We have seen that each variable in our dataset has its own "DNA". This is the distribution of each variable. However, the story does not stop there. Each variable has peculiarities within it and it is our job as data analyst to discover it. We'll see futurely that what `machine learning models` mostly do for us is automate this process (if we understand them, of course) 

In this case, specifically, we want to understand the effect of our `Gender` variable on the distribution of our dataset.


### First, plot the distribution of the `Height` variable again.

In [0]:
# your answer here

### Now, filter your dataset for each gender.
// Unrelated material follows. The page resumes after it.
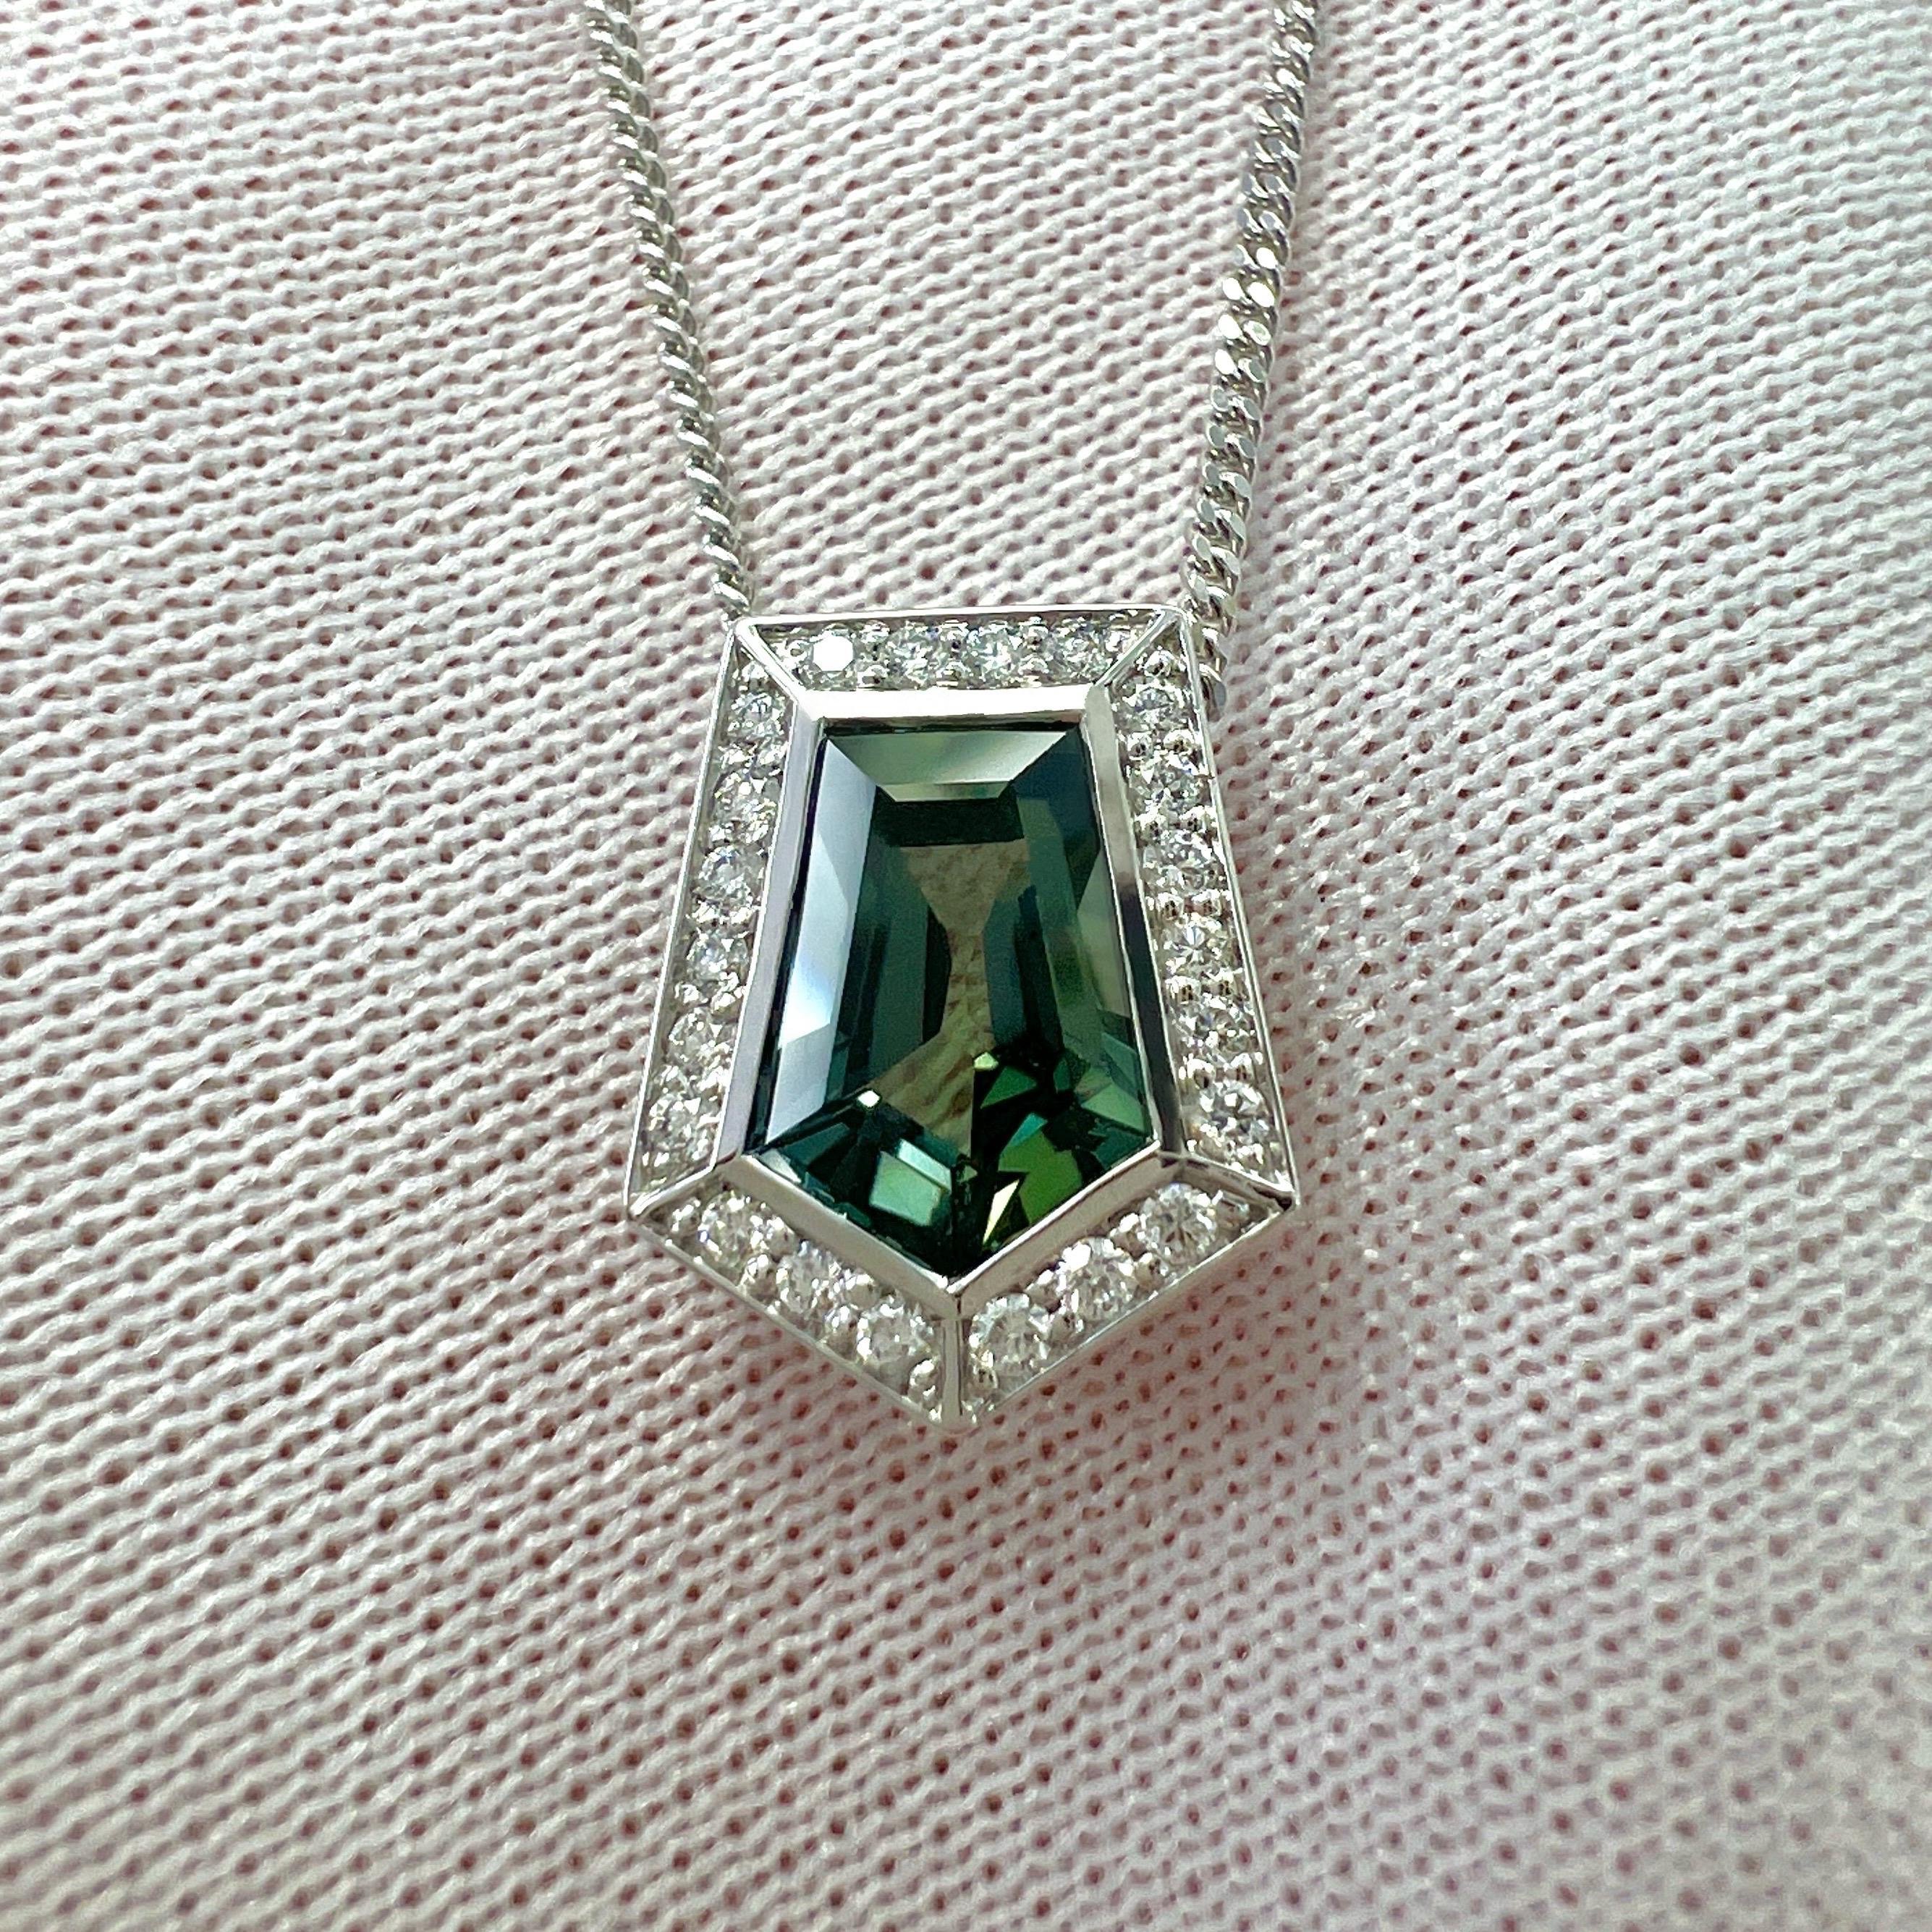 IGI Certified 1.46ct Colour Change Untreated Fancy Cut Sapphire Diamond Pendant For Sale 2

Create a dataframe called `men` and another called `women` and plot the `Height` distribution for each of them in the same plot.

In [0]:
# your answer here

### What insights could you observe from that? What is the impact of `Gender` on `Height`

**Extra Note:** The issue: https://github.com/mwaskom/seaborn/issues/861 has a discussion of why distplot doesn't have a `hue` argument and how to overcome it (look for FacetGrid)

Try to do the same for the `Money` variable. What is the impact of `Gender` on `Money` ?

_Hint: for the Money variable, try specifying `hist=False`_


## Boxplot 

### Gender vs Height

Plot the boxplot considering the x-axis as `Gender` and y-axis as `Height`

In [0]:
plt.figure(figsize=(12, 8))



### Gender vs Money

In [0]:
plt.figure(figsize=(12, 8))


From the conclusions of the previous exercises, did you expect the bloxplots to be like the ones above?

In [0]:
# your answer here

### Multivariate Analysis

Use `sns.pairplot` to see some combinations obtained so far. Use `hue = 'Gender`. 

Note that in a real problem, pairplot starts to get messy since there can be countless number of variables in a dataset. Use it wisely.

Usually people only plot this graph and don't take any conclusions from it. Don't fall into that trap.